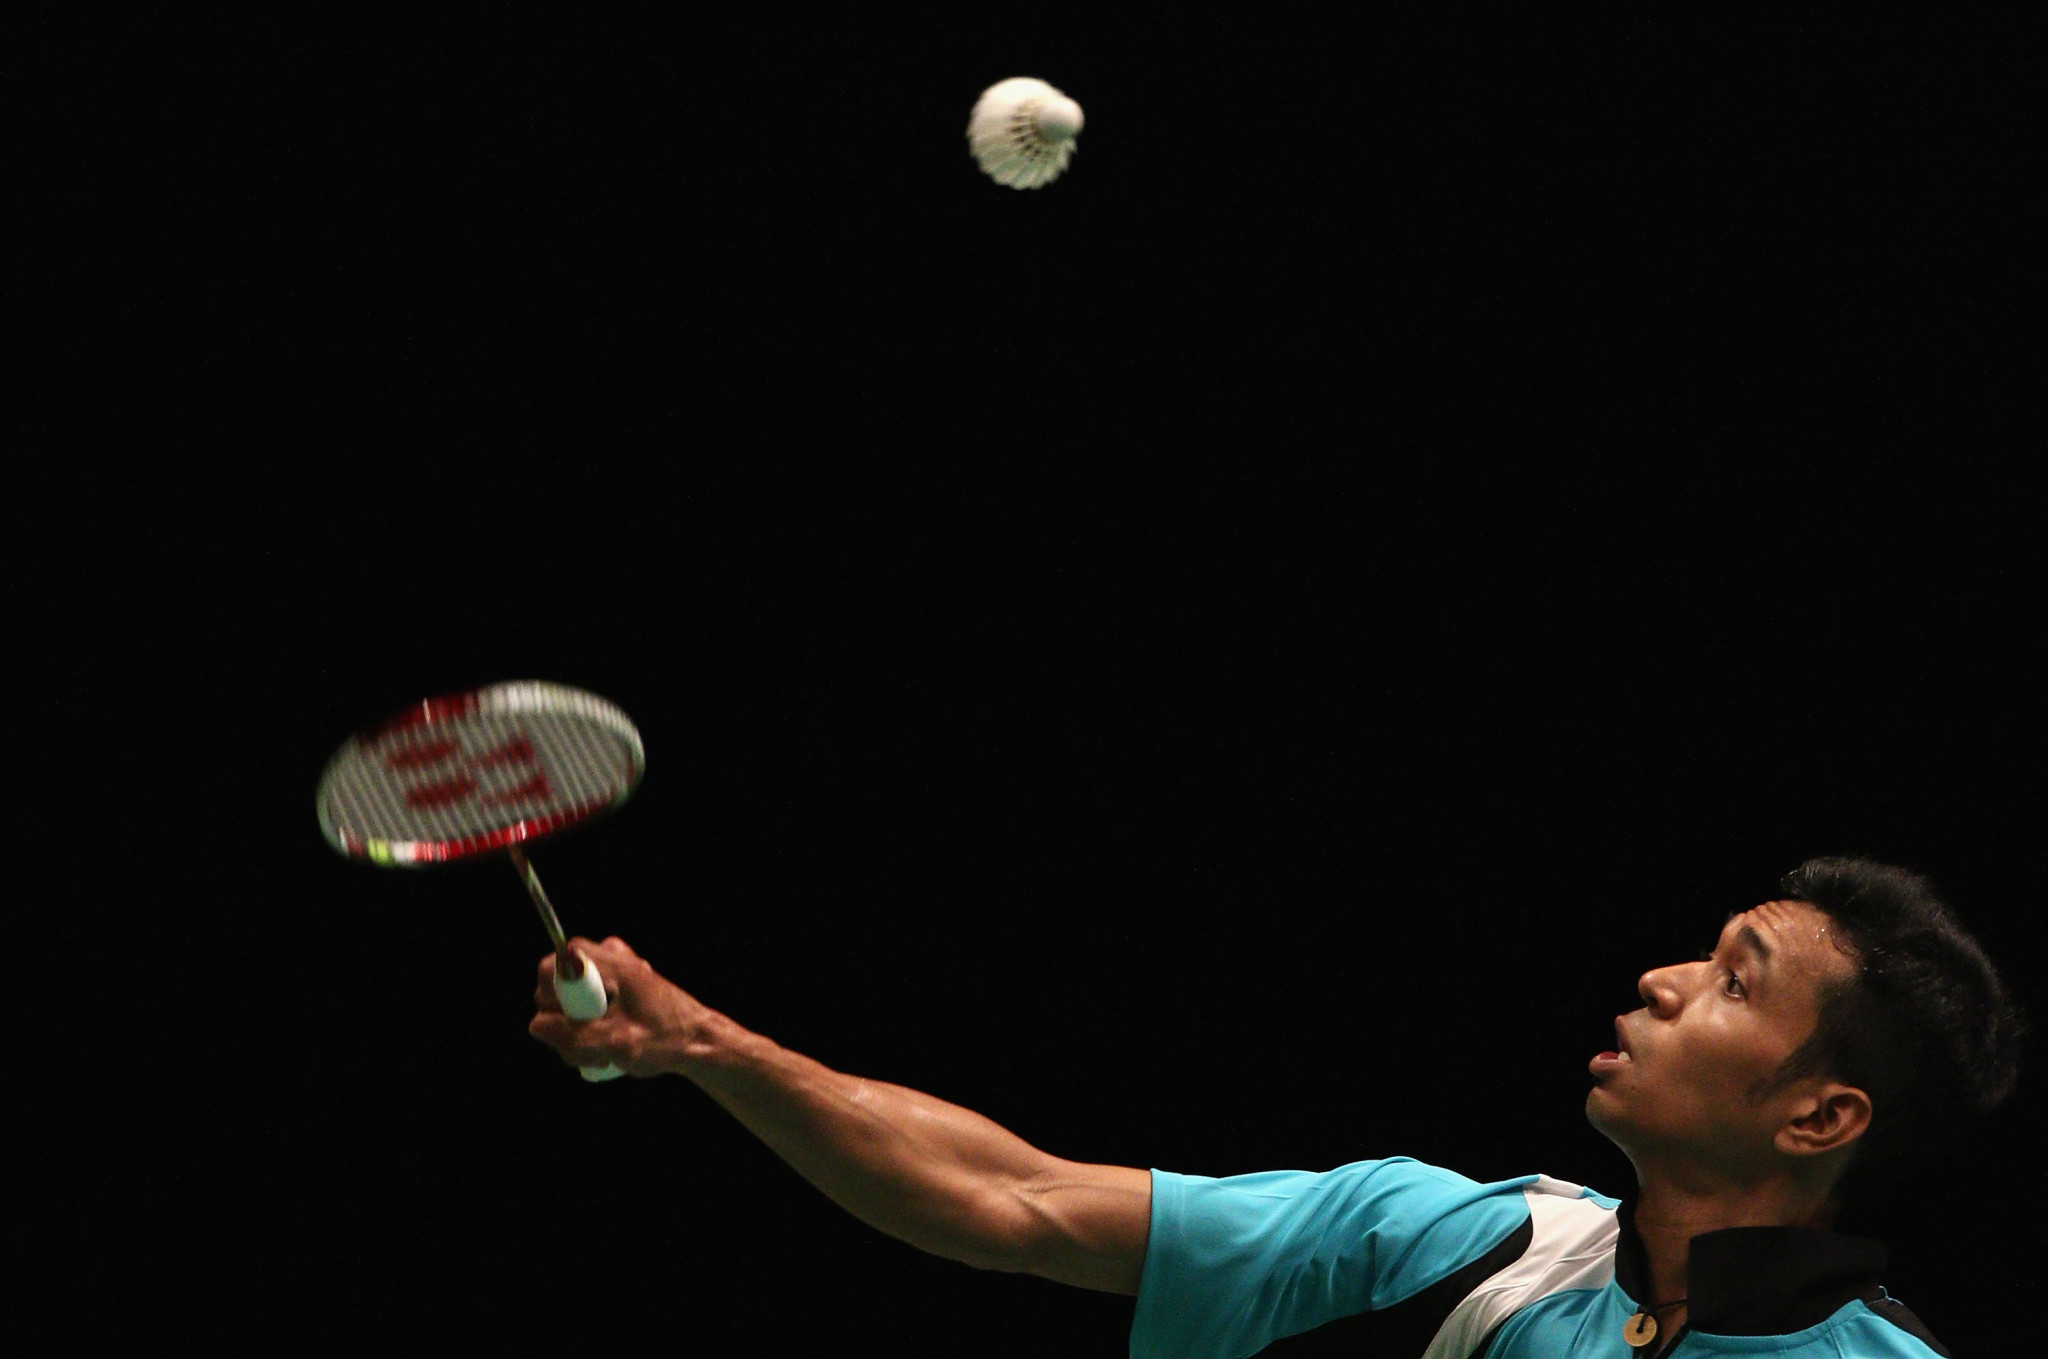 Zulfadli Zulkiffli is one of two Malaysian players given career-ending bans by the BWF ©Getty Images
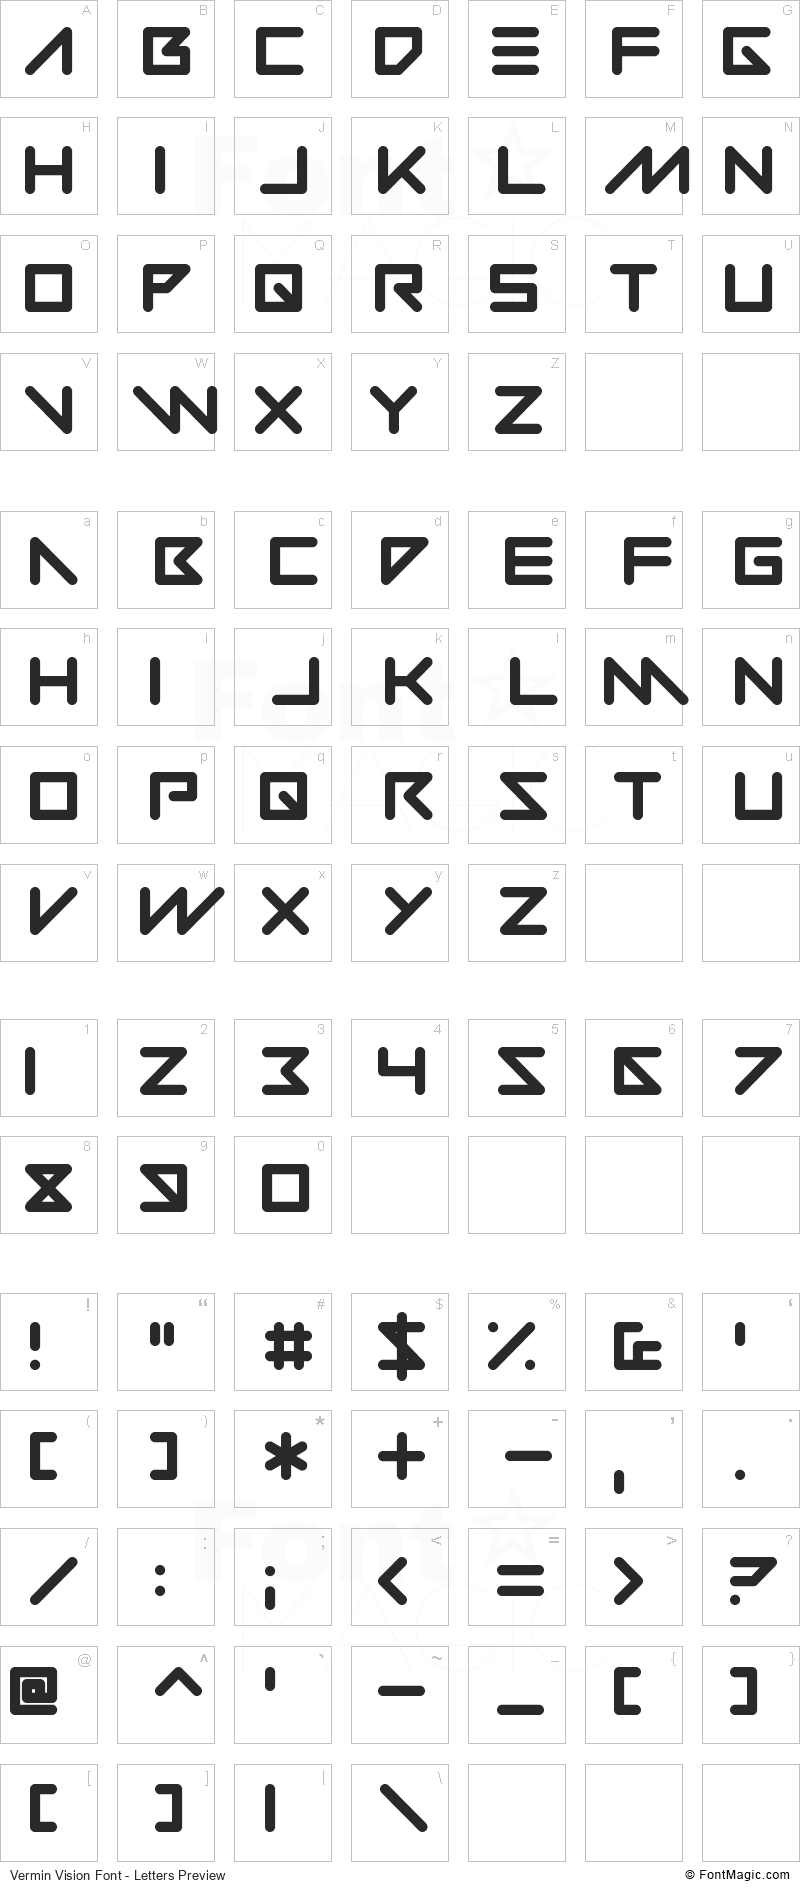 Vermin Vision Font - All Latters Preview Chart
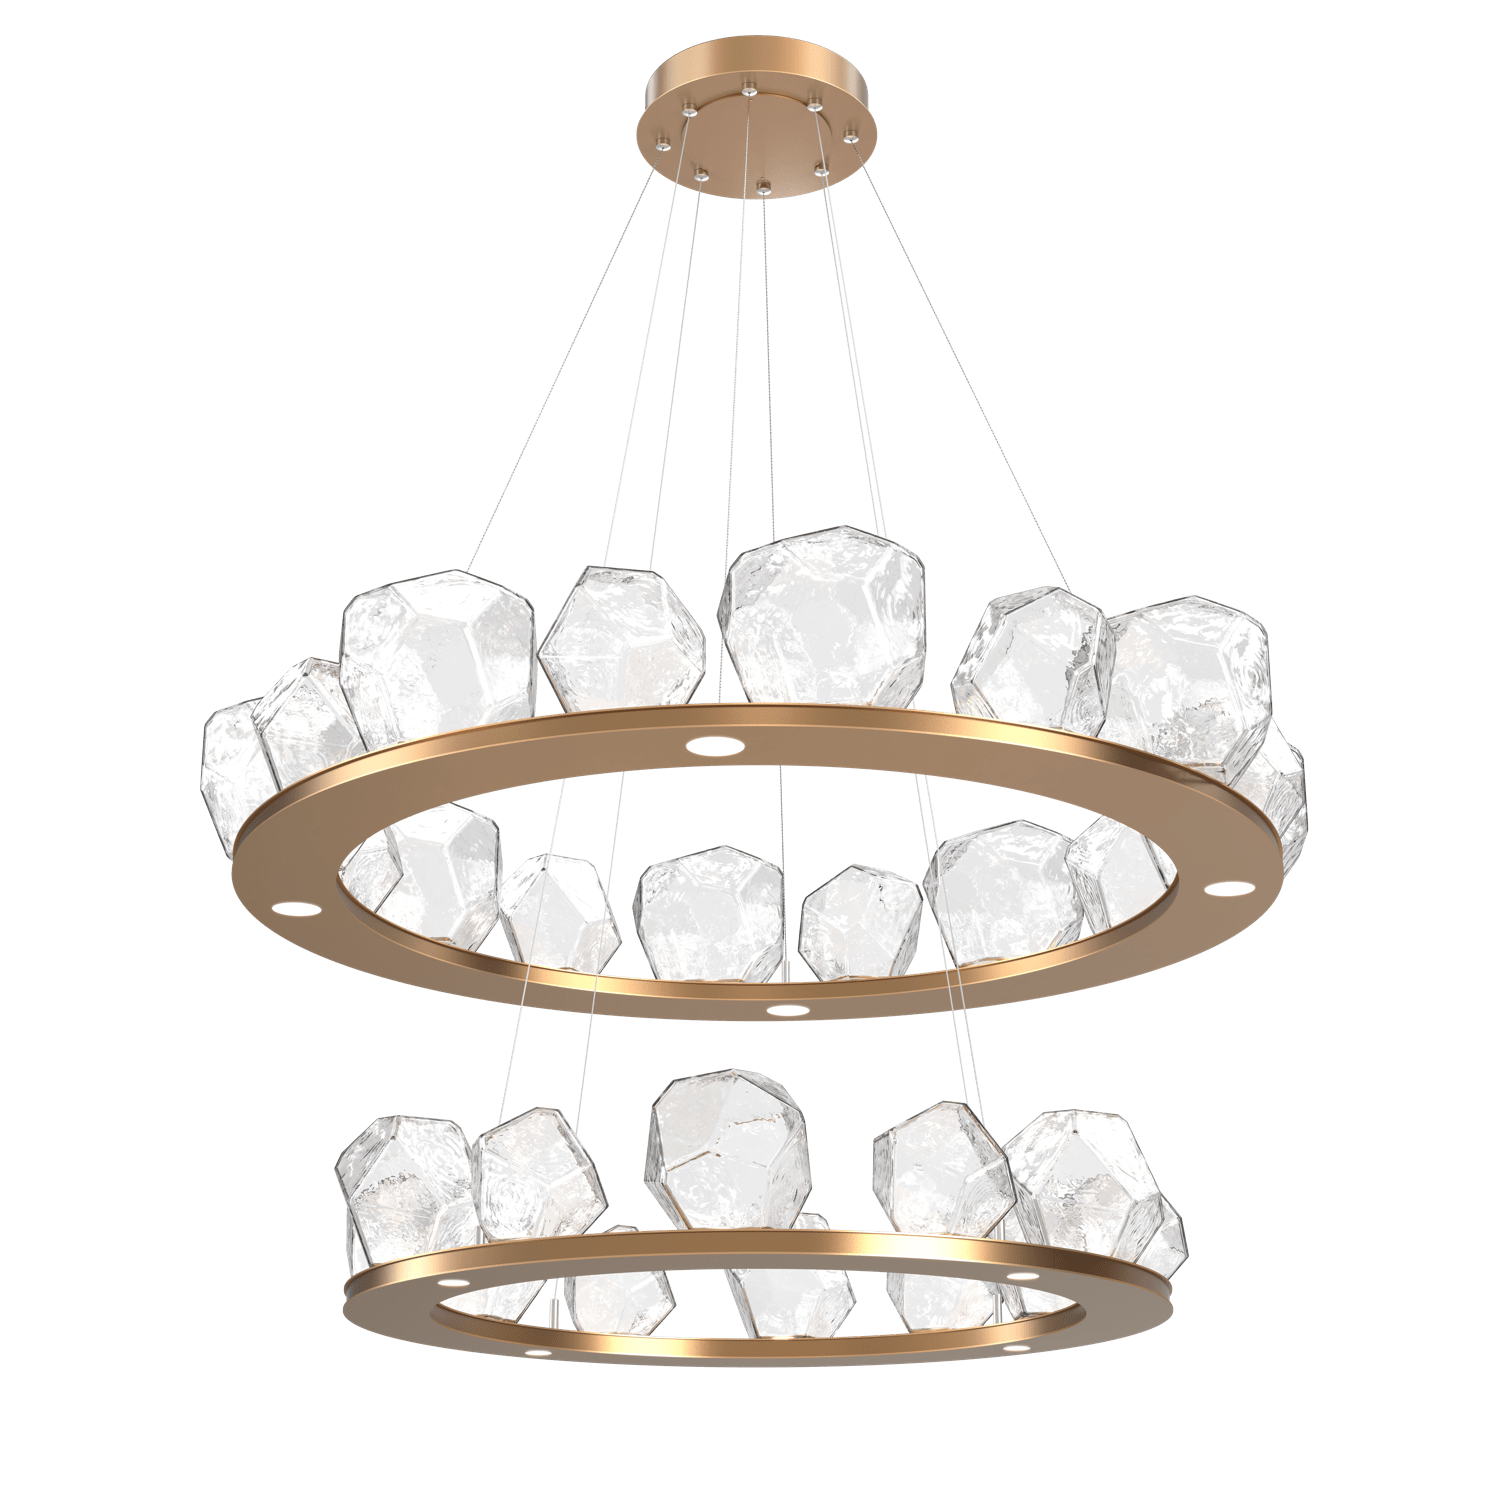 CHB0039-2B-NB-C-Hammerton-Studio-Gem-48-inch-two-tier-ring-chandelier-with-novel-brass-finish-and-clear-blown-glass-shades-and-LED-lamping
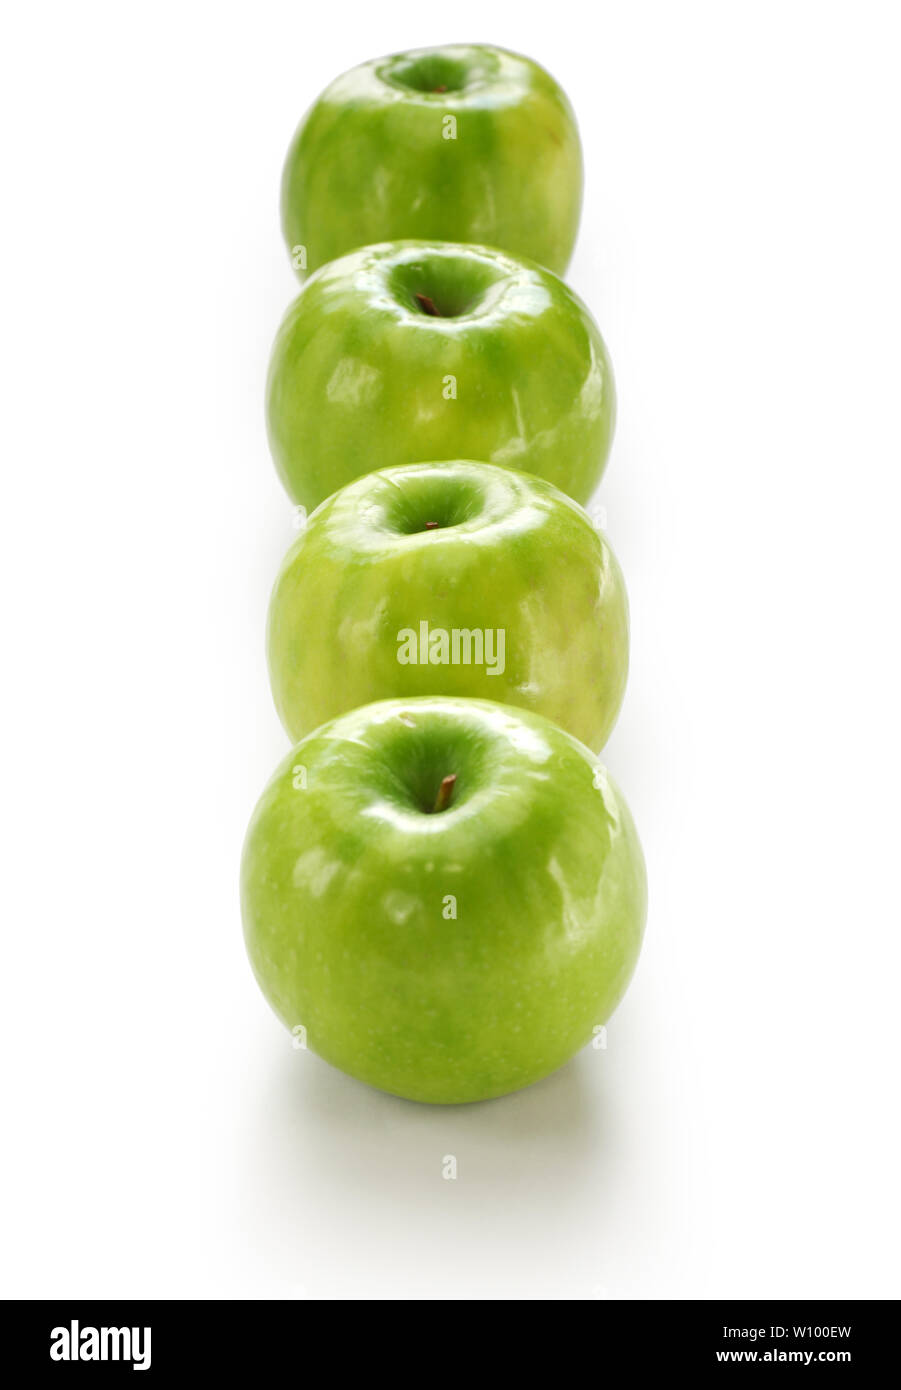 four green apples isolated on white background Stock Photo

■ ■ ■

What you are asked to do —
Please output the listing above in full, exactly as given, without its images.

Final answer —
 Zulfadli Zulkiffli is one of two Malaysian players given career-ending bans by the BWF ©Getty Images
 Vermin Vision Font - All Latters Preview Chart
 CHB0039-2B-NB-C-Hammerton-Studio-Gem-48-inch-two-tier-ring-chandelier-with-novel-brass-finish-and-clear-blown-glass-shades-and-LED-lamping
 four green apples isolated on white background Stock Photo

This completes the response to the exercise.